Heat resistance: left in a hot air dryer at 110 ° C. for 360 hours, visually observed for changes in coating appearance, ○ when no peeling or cracking is seen, ○ when peeling or cracking is seen .
-Humidity and heat resistance: After standing in a constant temperature and humidity machine at 50 ° C. and 95% for 360 hours, an adhesion test was carried out and evaluated in the same manner as the adhesion test.

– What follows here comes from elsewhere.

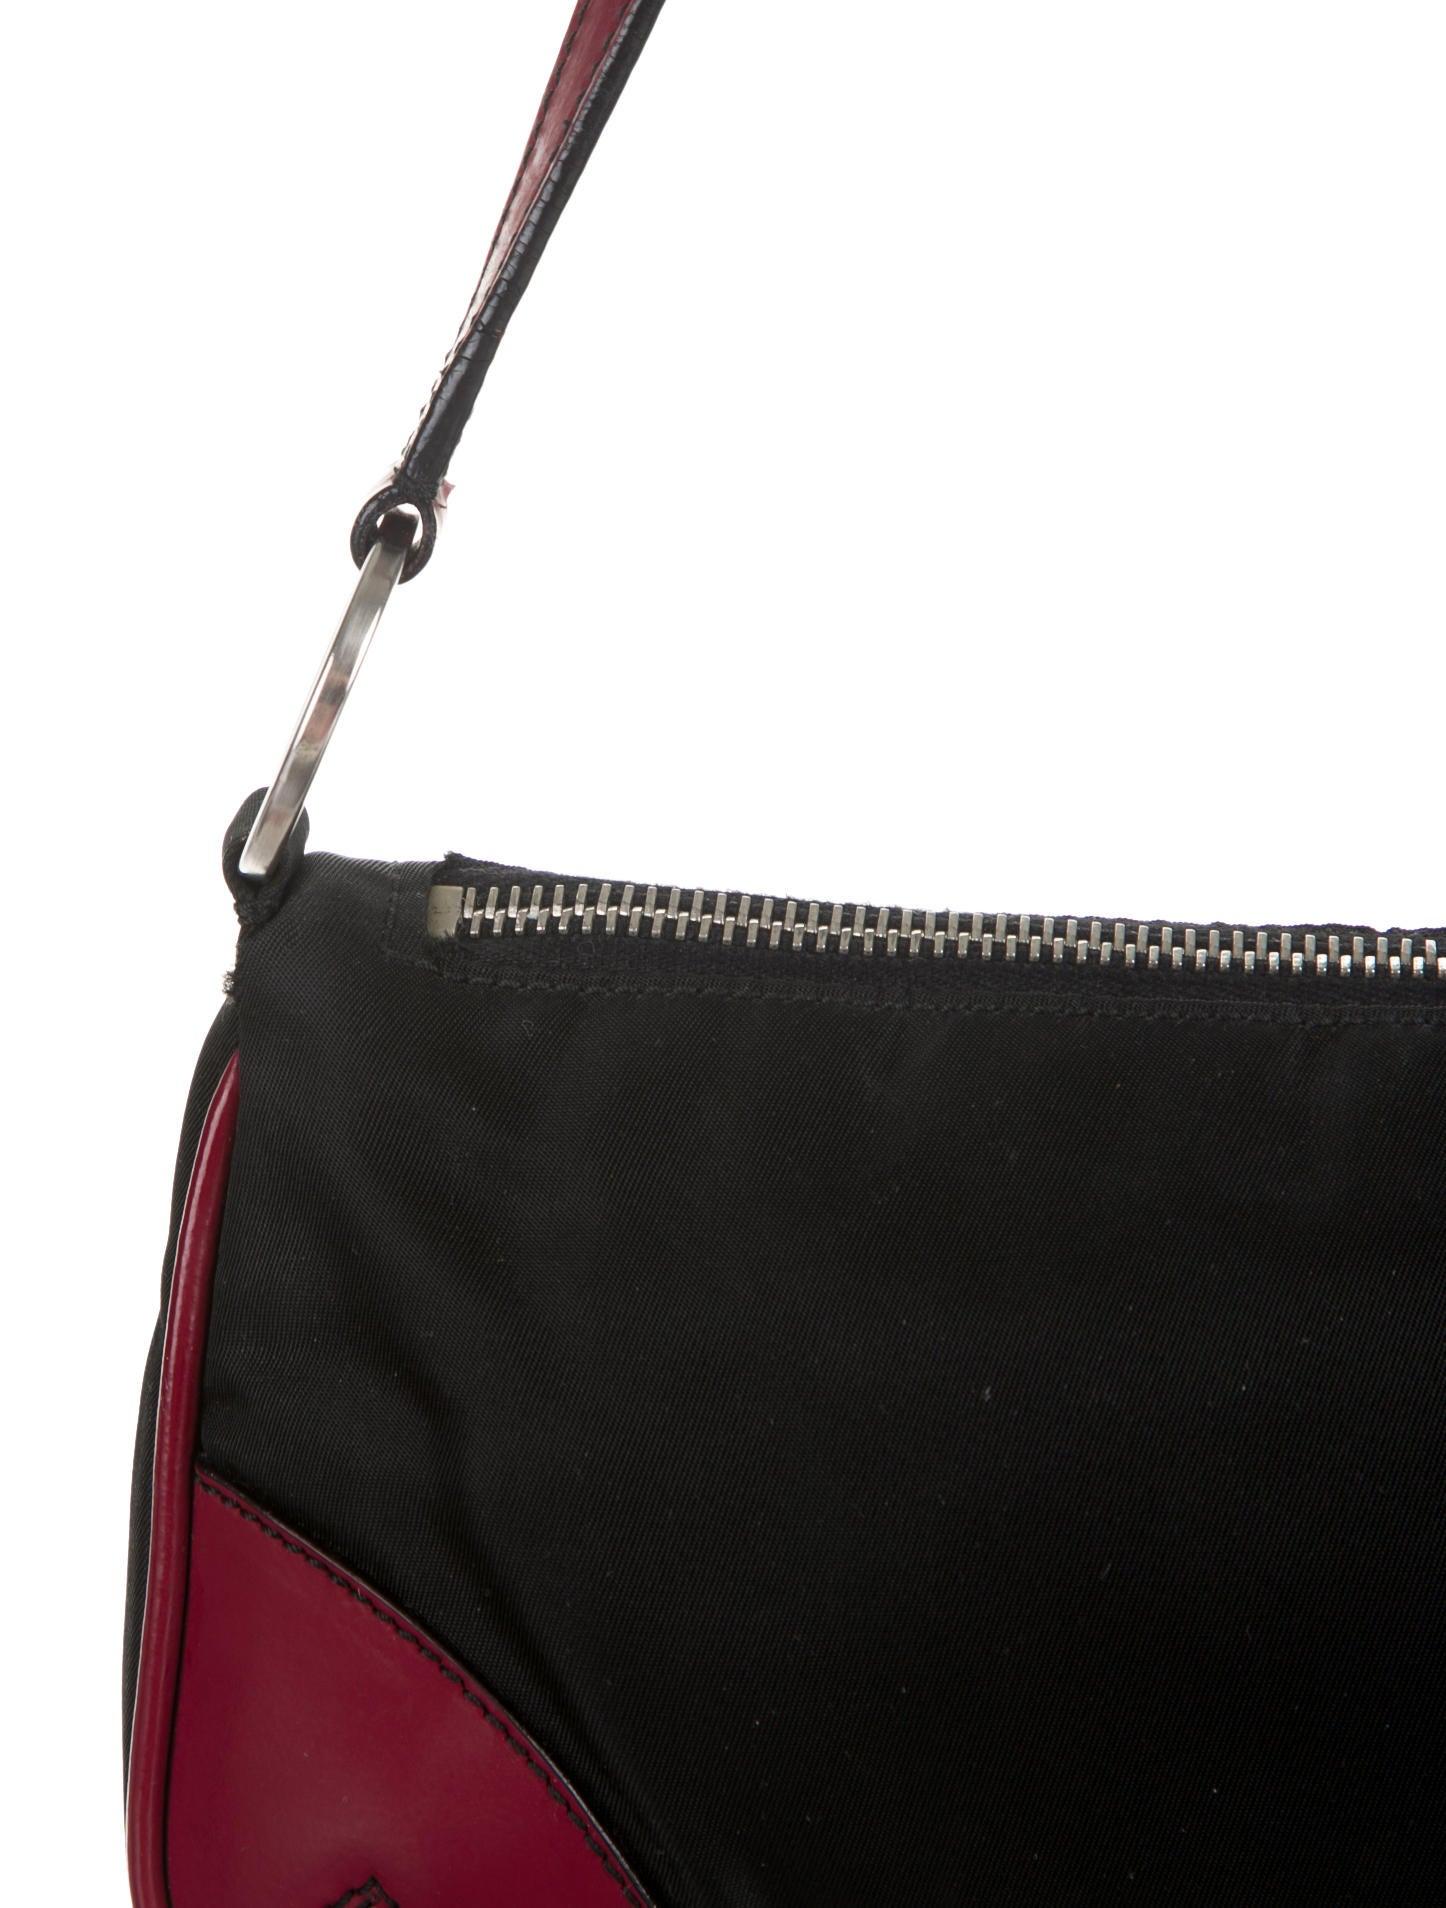 ... closeout prada tessuto sport handle bag fake handbags thailand 2016 11  10 15282 728b6 e4cb3 6d1bd57decb67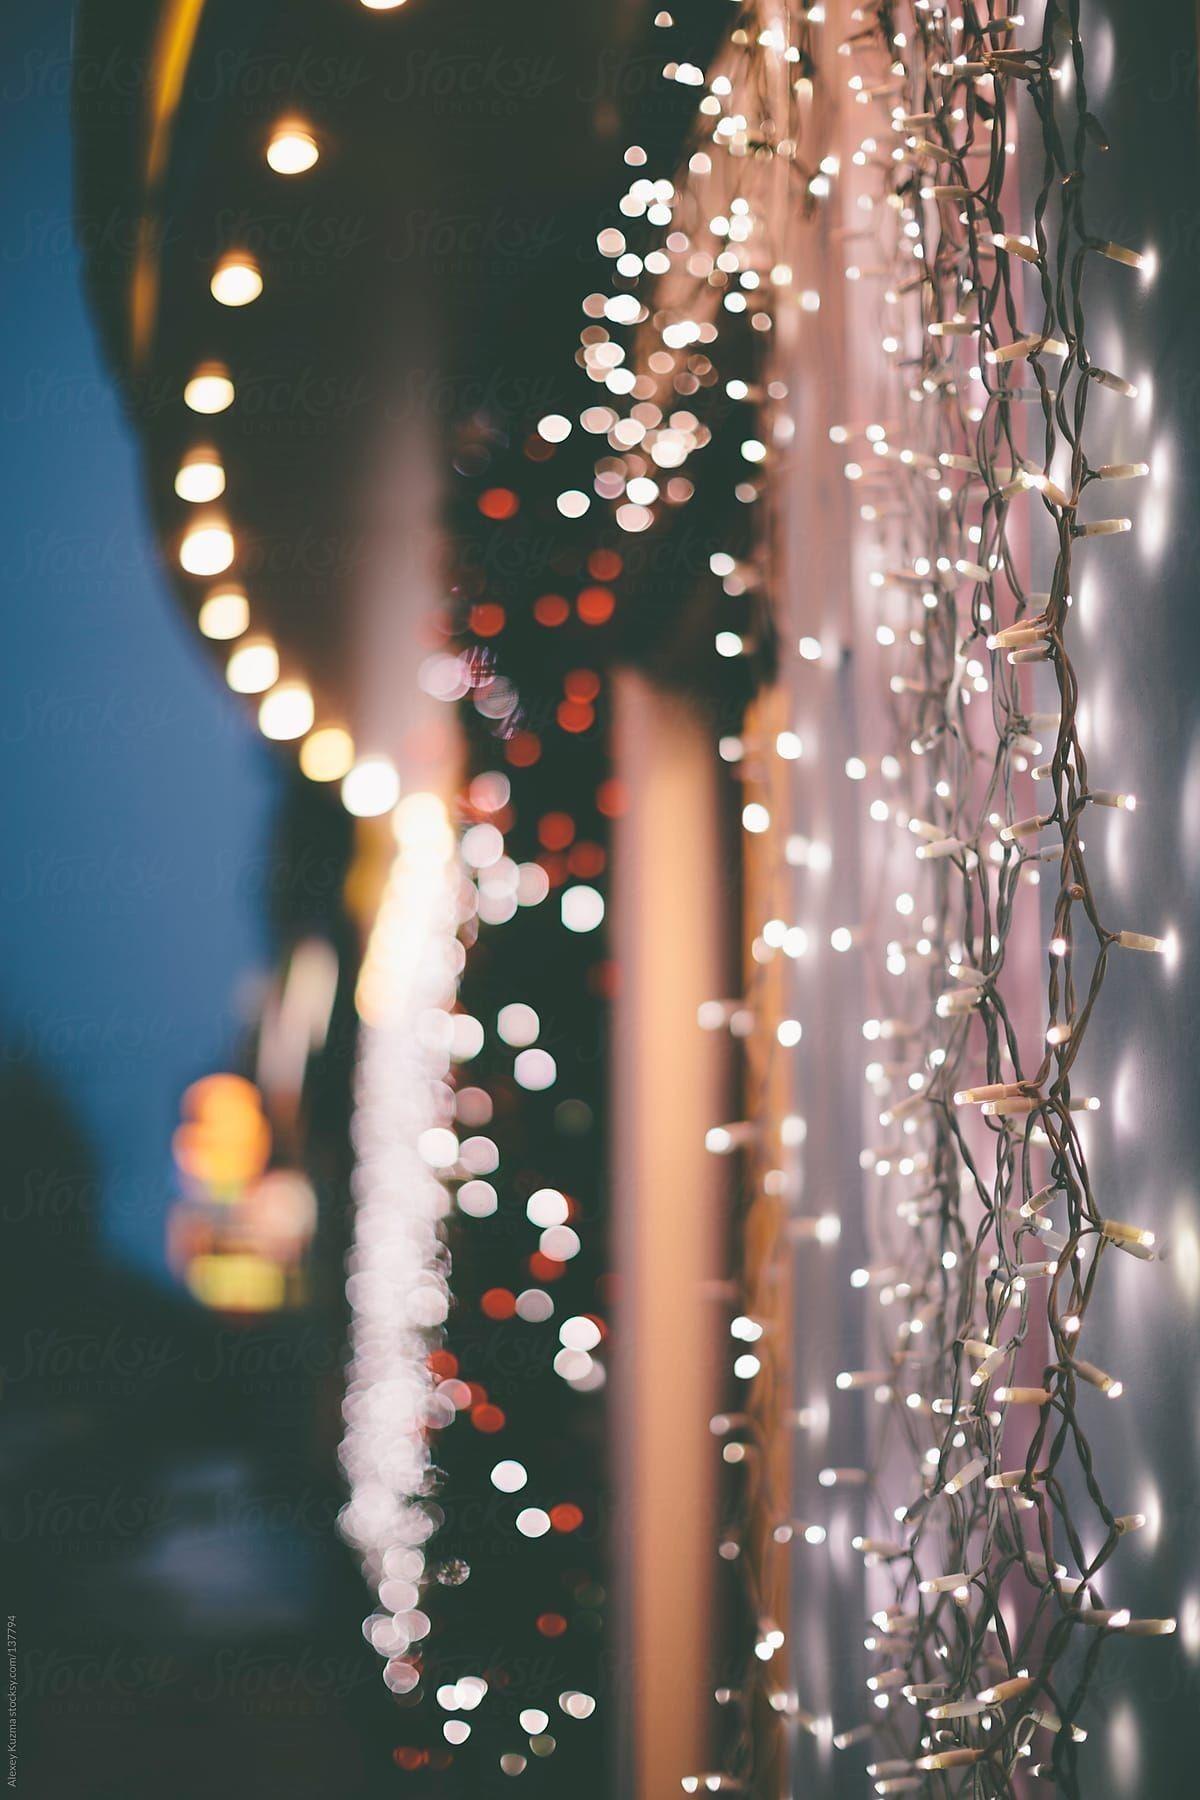 Pinterest Skylarmckellar Insta Sky Mckellar I Always Follow Back Christmas Wallpaper Iphone Tumblr Wallpaper Iphone Christmas Christmas Lights Wallpaper

  -Weather resistance: 1 cycle using SUV (Iwasaki Electric Eye Super UV Tester UV Fluorescent Lamp Weather Meter), UV irradiation time 20 hours (black panel temperature 63 ° C), wet 4 hours (atmosphere temperature 50 ° C, humidity 95%) As follows, the change in the appearance of the film after 20 cycles was visually observed.

In addition, each symbol in Table 2 was used in the following meaning.
PE3A: Pentaerythritol triacrylate
TAIC: Tris (2-acryloyloxyethyl) isocyanurate
NPGDA: Neopentyl glycol diacrylate
IPA-ST: Organo silica sol (30% solution) manufactured by Nissan Chemical Co., Ltd.
UVA1: Triazine ultraviolet absorber
Ciba Specialty Chemicals: TINUVIN400
UVA2: Benzotriazole ultraviolet absorber
Ciba Specialty Chemicals: TINUVIN213
HALS1: hindered amine light stabilizer
Sankyo LS765
HALS2: hindered amine light stabilizer
Ciba Specialty Chemicals: TINUVIN123
PI1: manufactured by Ciba Specialty Chemicals: Irgacure 184
Silicone resin: Momentive Performance Materials
Tosgard 510 (solids concentration 20.5%)
PGM: Propylene glycol monomethyl ether

表２の結果から、本発明の樹脂層を有する積層体は耐摩耗性が高いだけでなく、同時に密着性、耐熱性、耐湿熱性、耐候性も優れたものとなることが分かる。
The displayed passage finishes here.